INSTRUCTIONS FOR THE TASK
Copy the lines below as they are; omit the images they contain.

DATASET EXTRACT
* * *
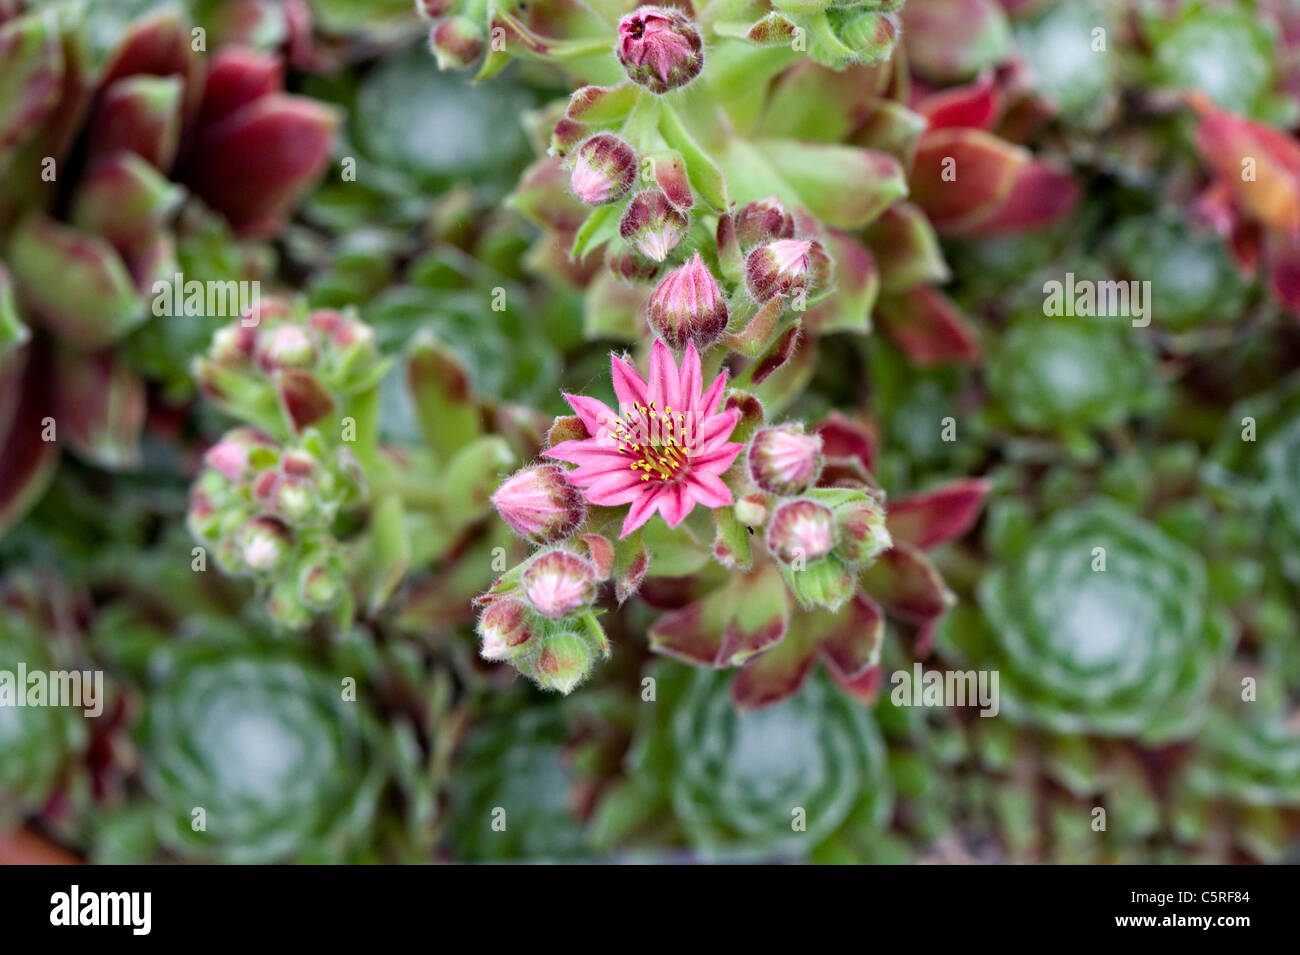 Nombres de flores rosadas fotografías e imágenes de alta resolución - Alamy
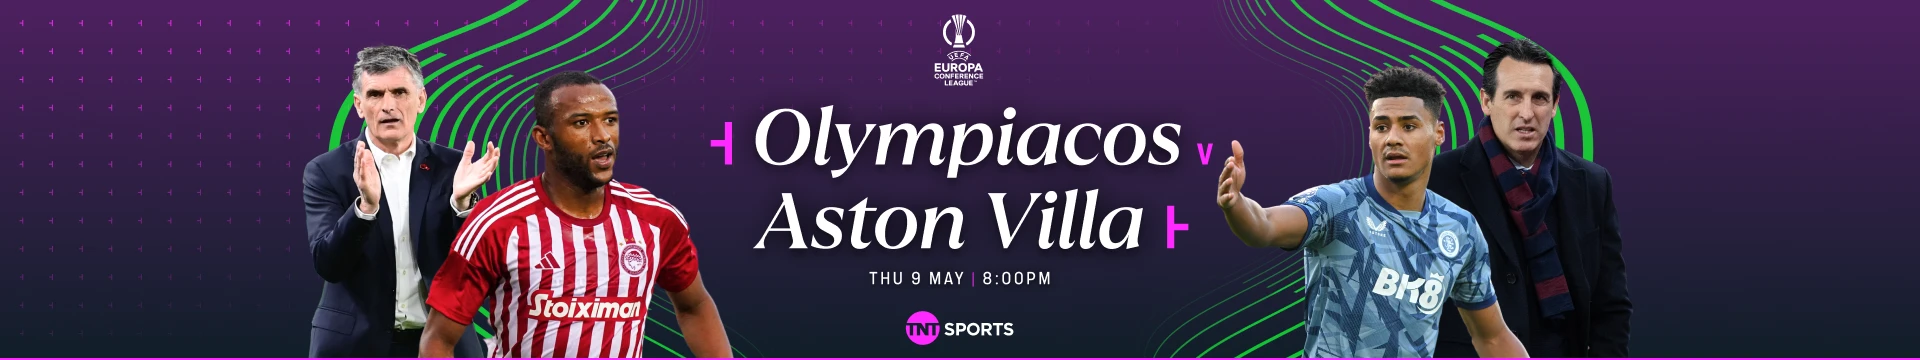 Olympiakos v Aston Villa Thursday 9 May at 8pm
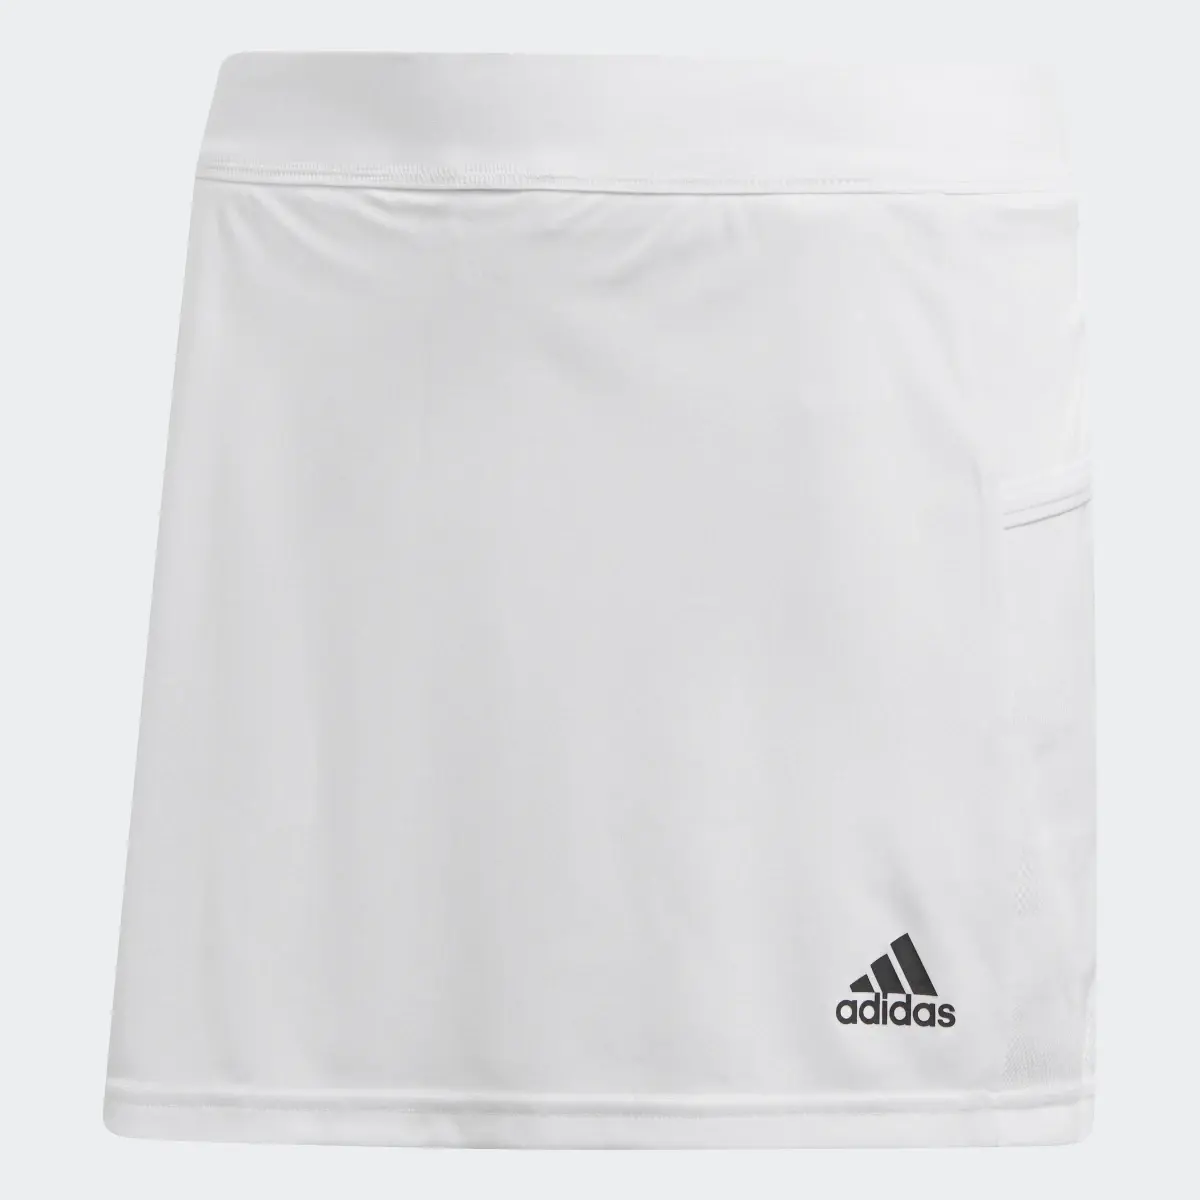 Adidas Team 19 Skirt. 1
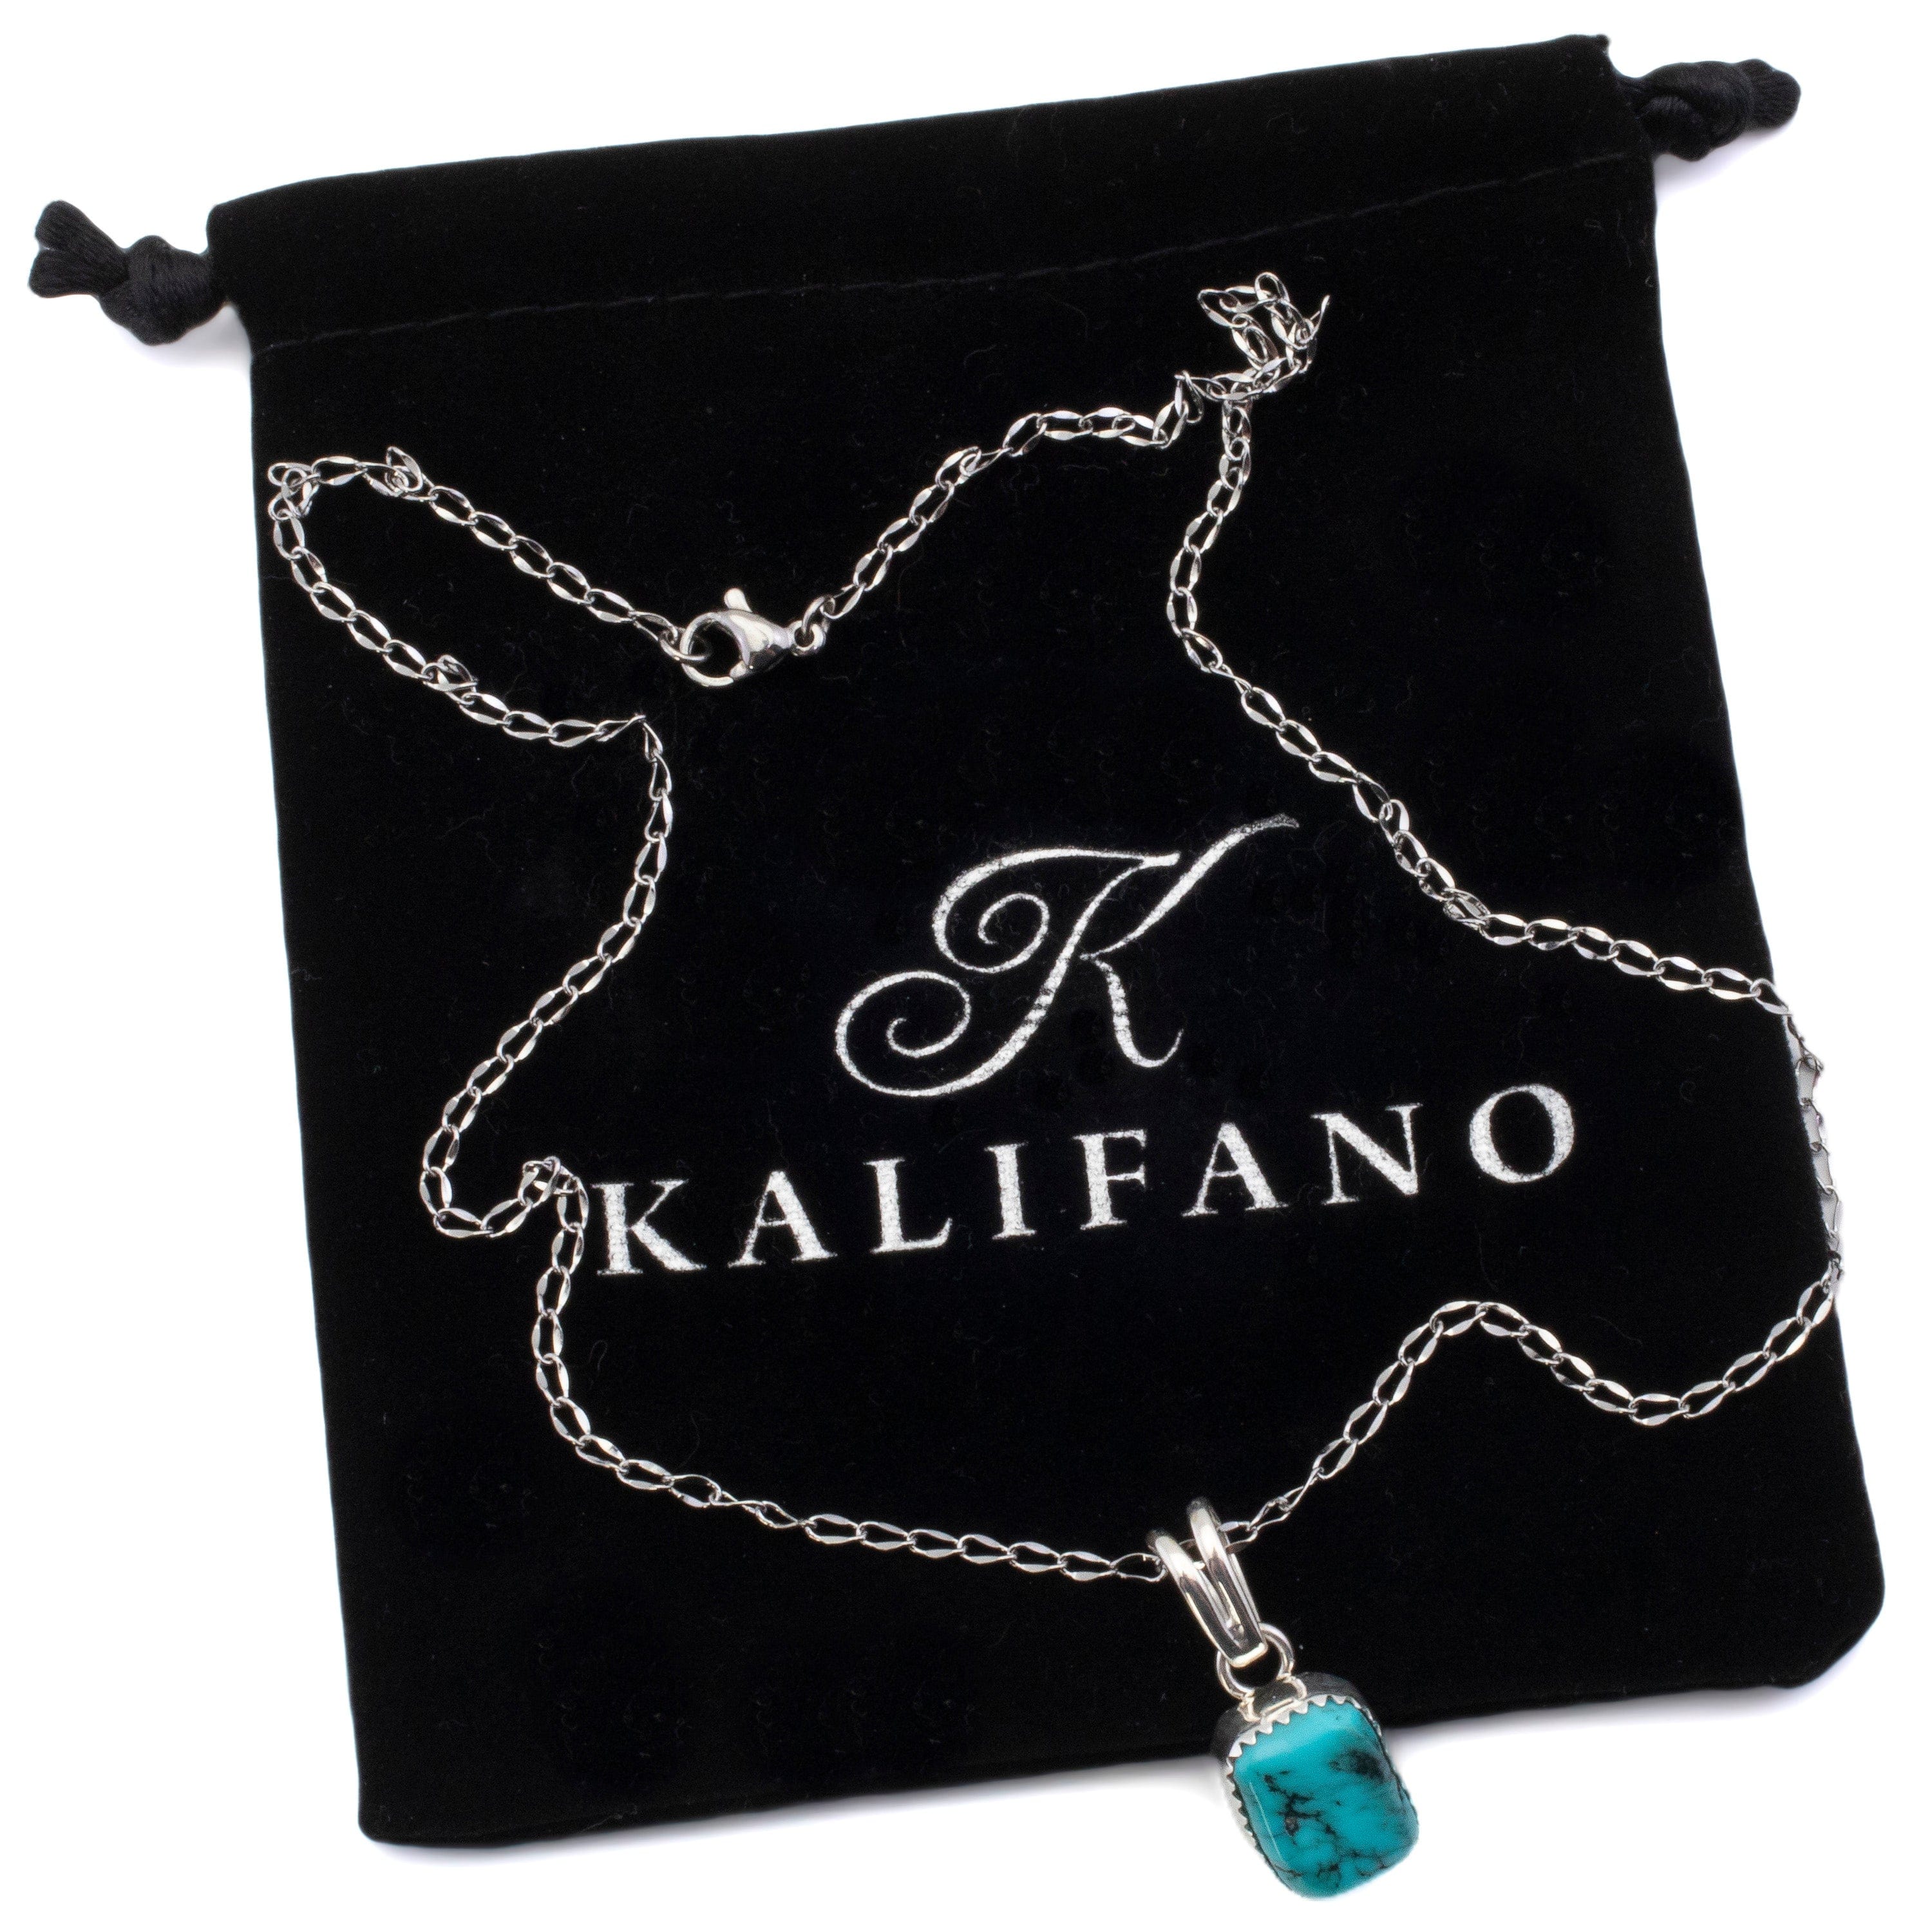 Kalifano Southwest Silver Jewelry Sleeping Beauty Turquoise USA Handmade 925 Sterling Silver Pendant NMN.0028.TQ
* * *
WRITTEN REPLY
 Nombres de flores rosadas fotografías e imágenes de alta resolución - Alamy
 Olympiakos v Aston Villa Thursday 9 May at 8pm
 Adidas Team 19 Skirt. 1
 Kalifano Southwest Silver Jewelry Sleeping Beauty Turquoise USA Handmade 925 Sterling Silver Pendant NMN.0028.TQ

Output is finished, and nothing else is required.